**YOUR GOAL**
Please transcribe the lines below exactly, and leave every image behind.

**SOURCE MATERIAL**
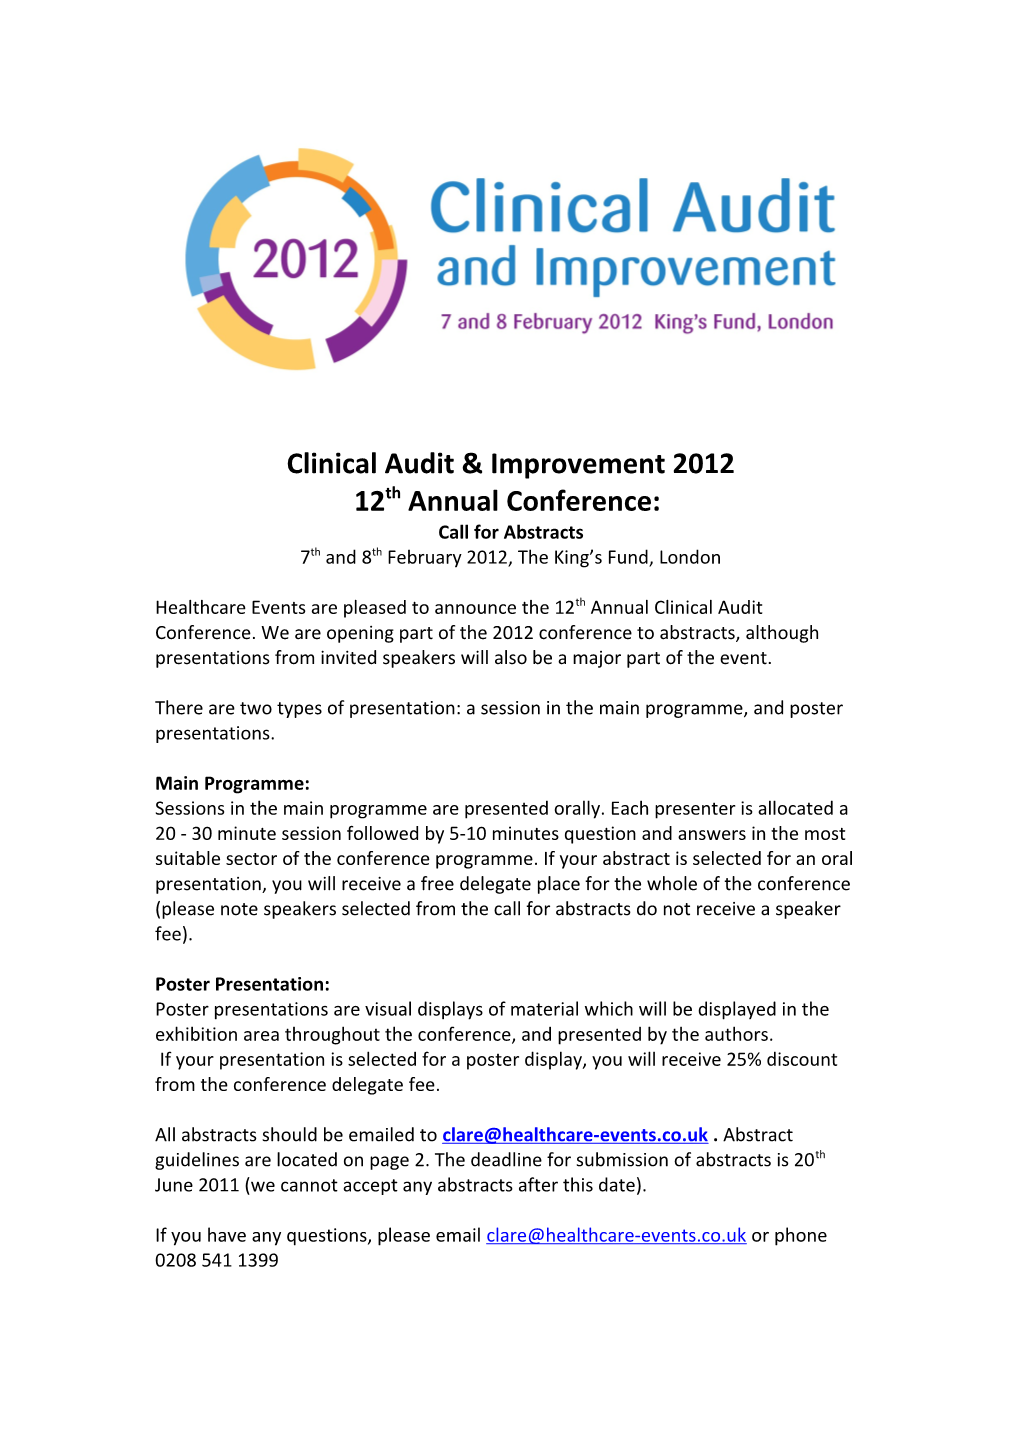 Clinical Audit & Improvement 2012
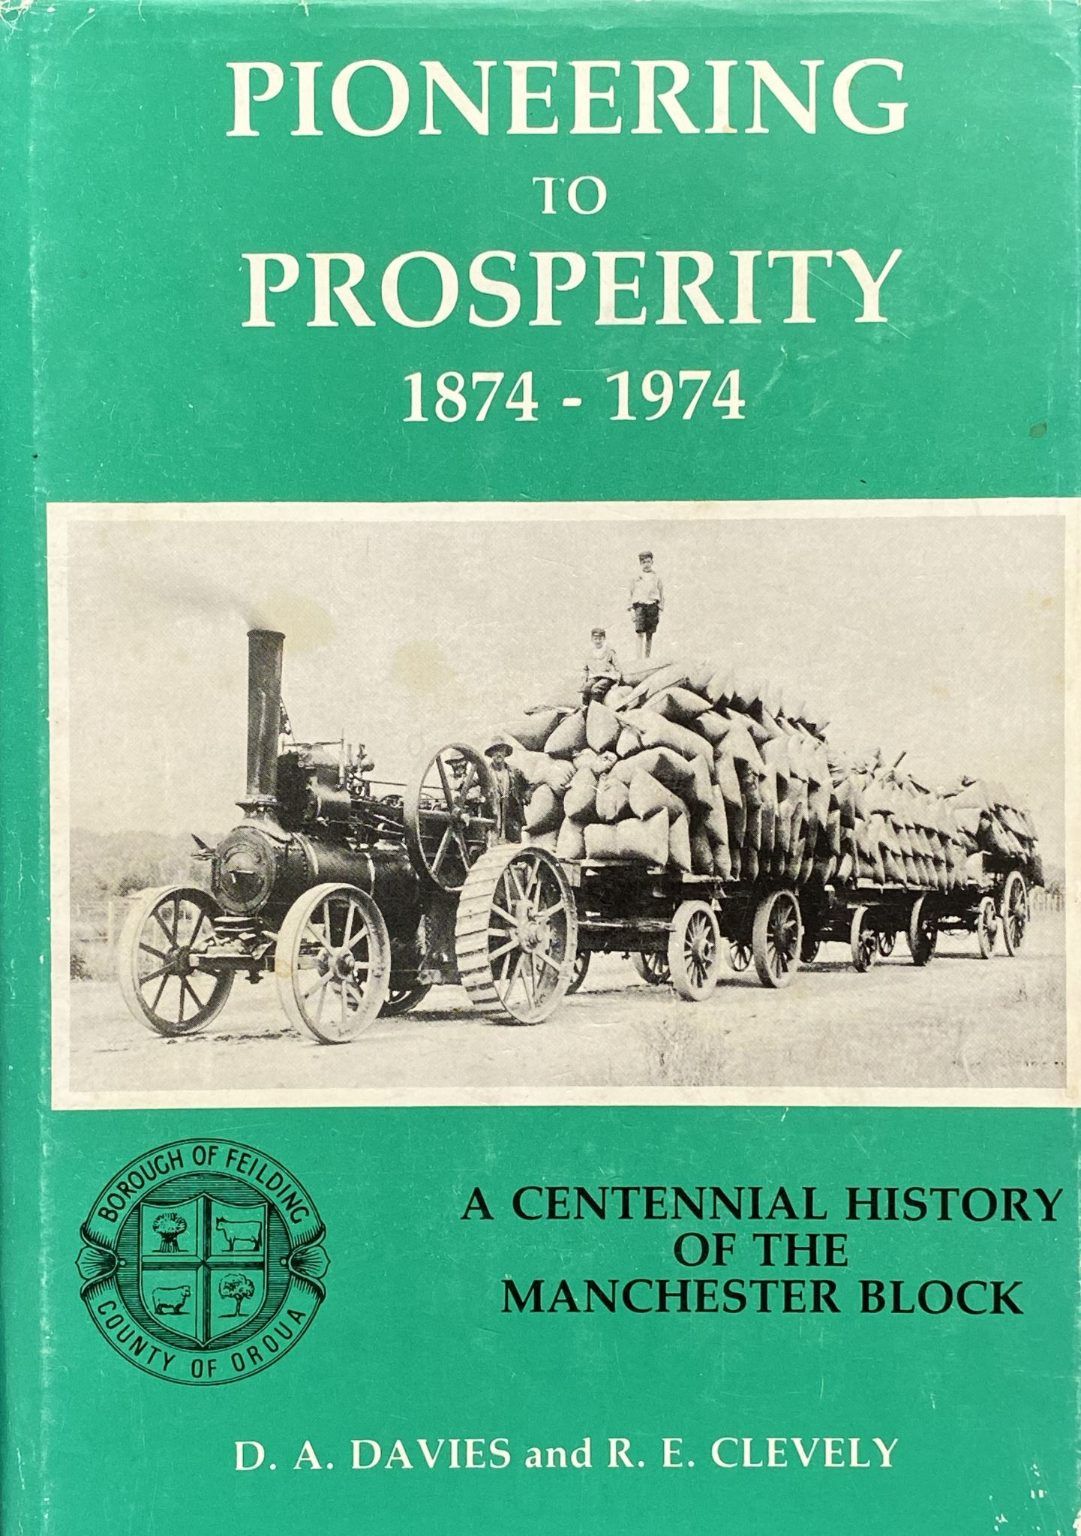 PIONEERING TO PROSPERITY 1874 - 1974
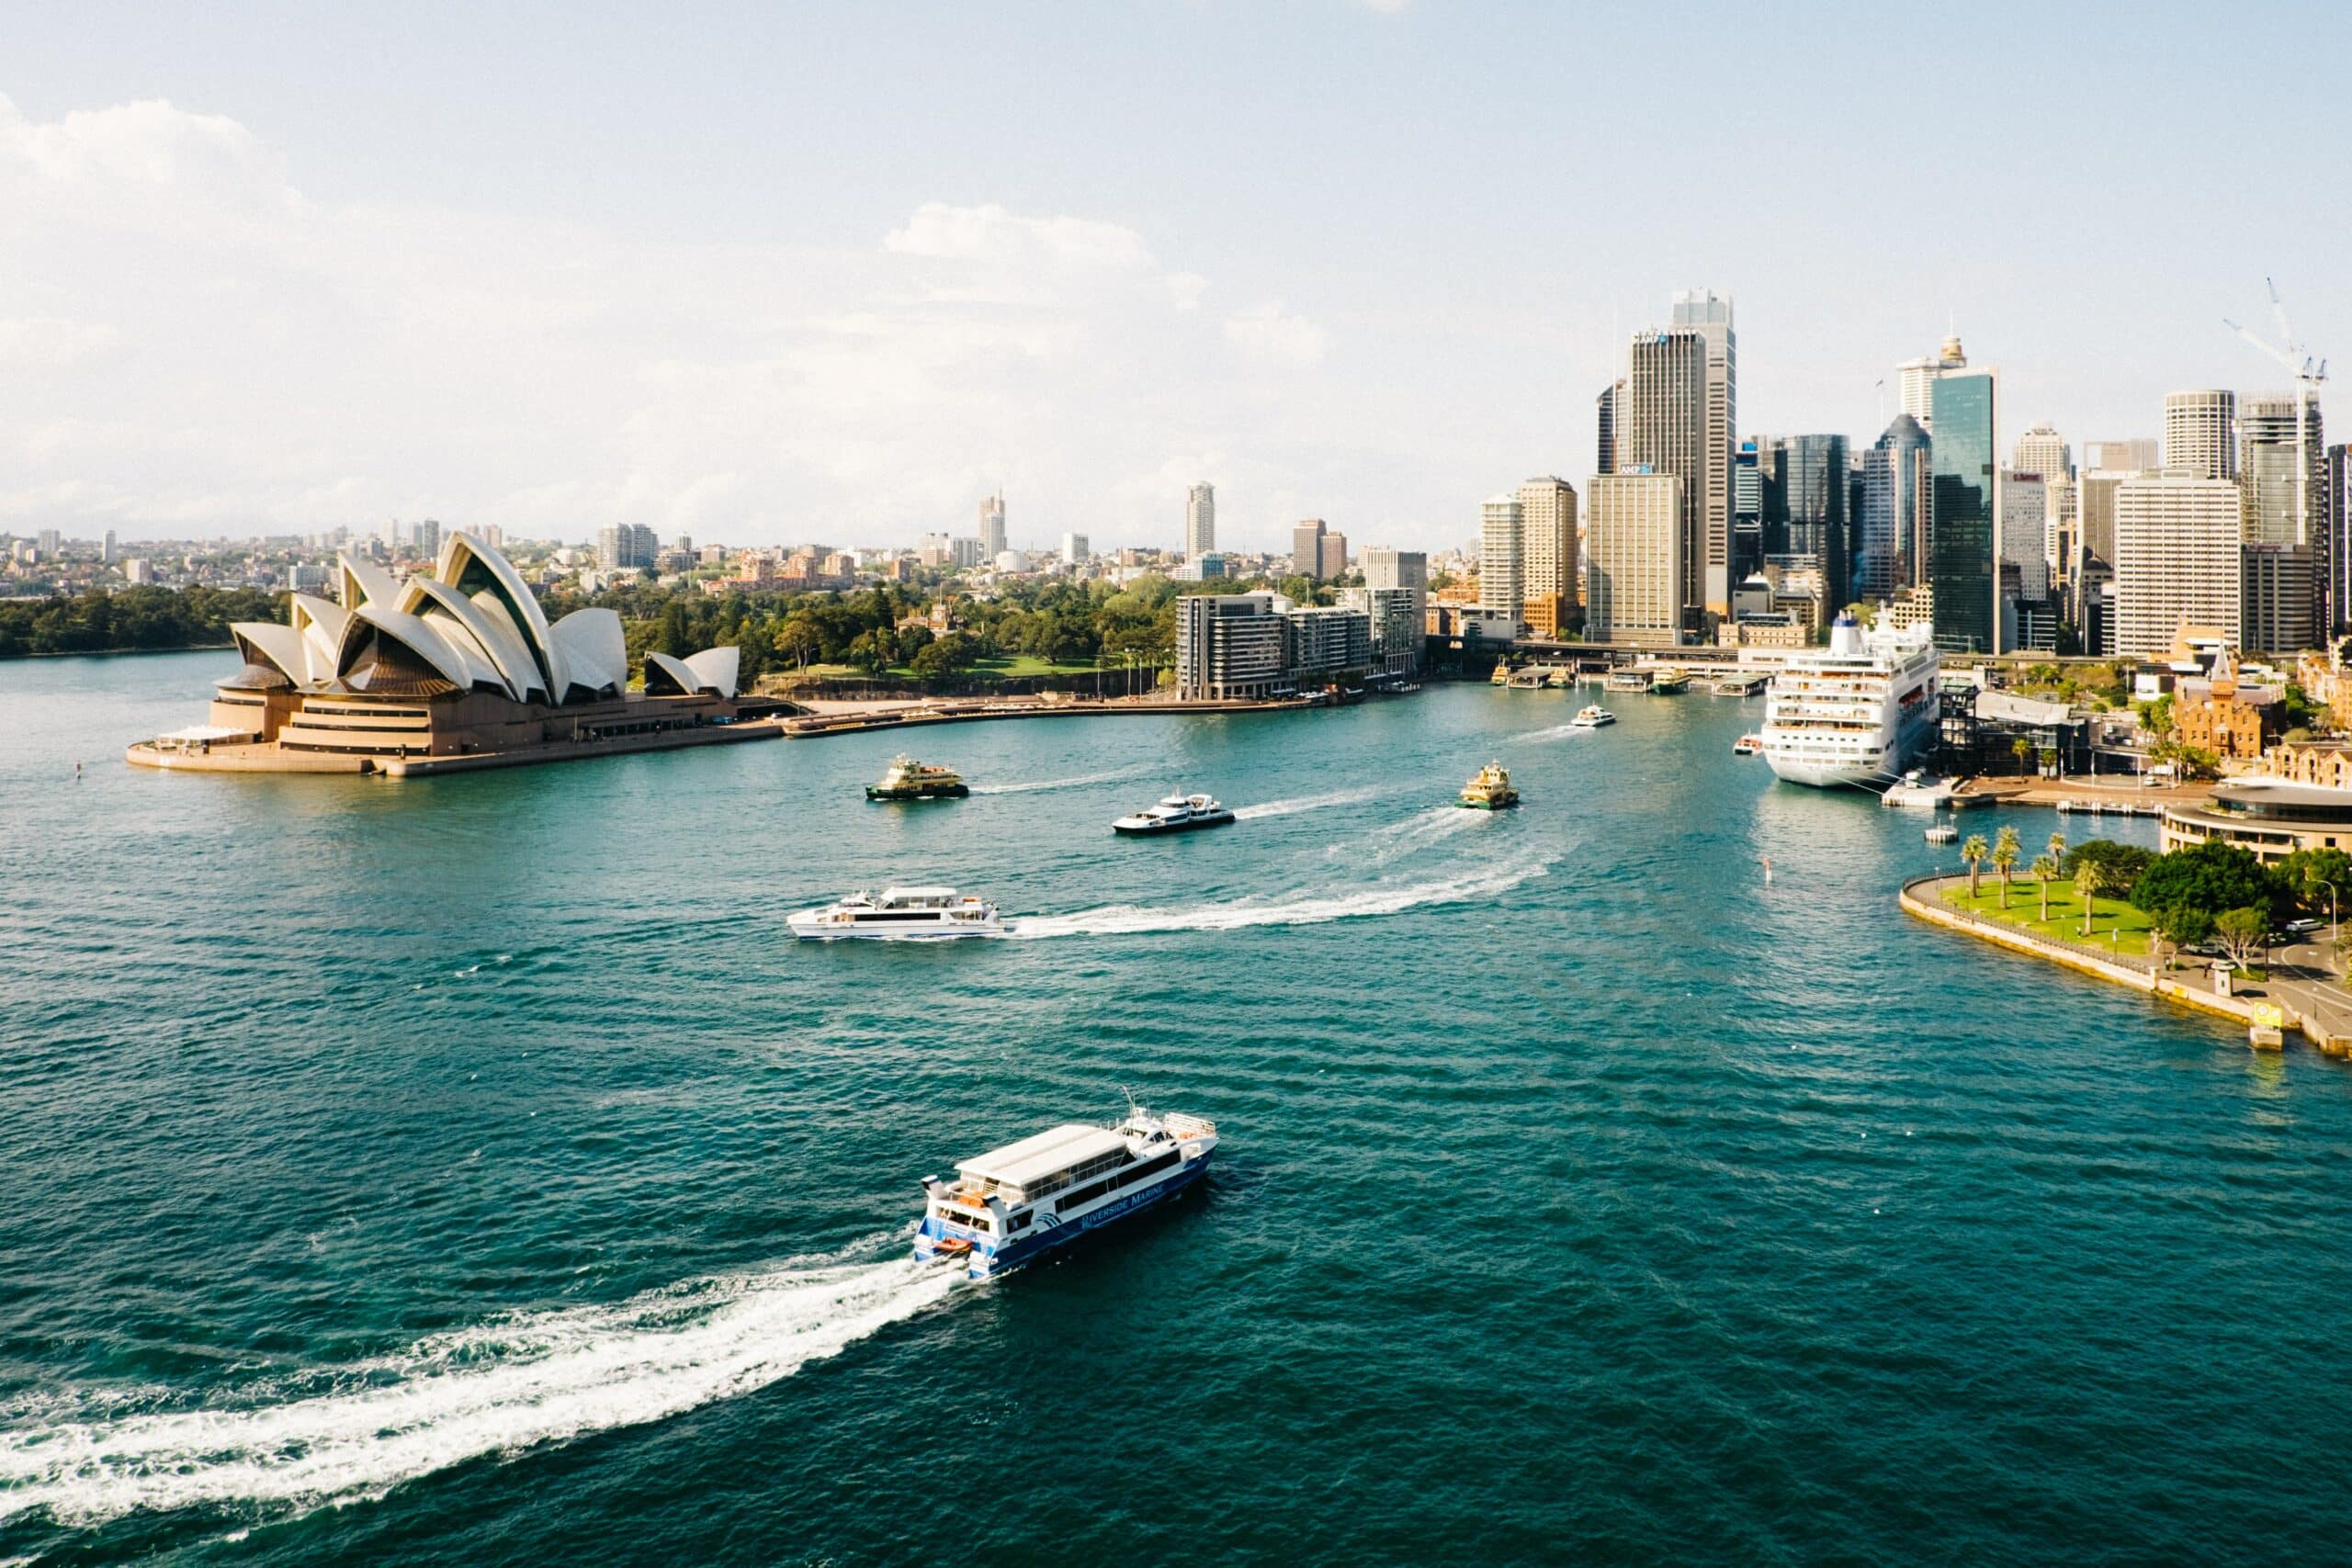 Vista da cidade Sydney, Austrália com barcos ao mar e cidade ao fundo cheia de prédios altos. Representa chip celular Austrália

**TASK OUTPUT**
 Clinical Audit & Improvement 2012
 PIONEERING TO PROSPERITY 1874 - 1974
 Vista da cidade Sydney, Austrália com barcos ao mar e cidade ao fundo cheia de prédios altos. Representa chip celular Austrália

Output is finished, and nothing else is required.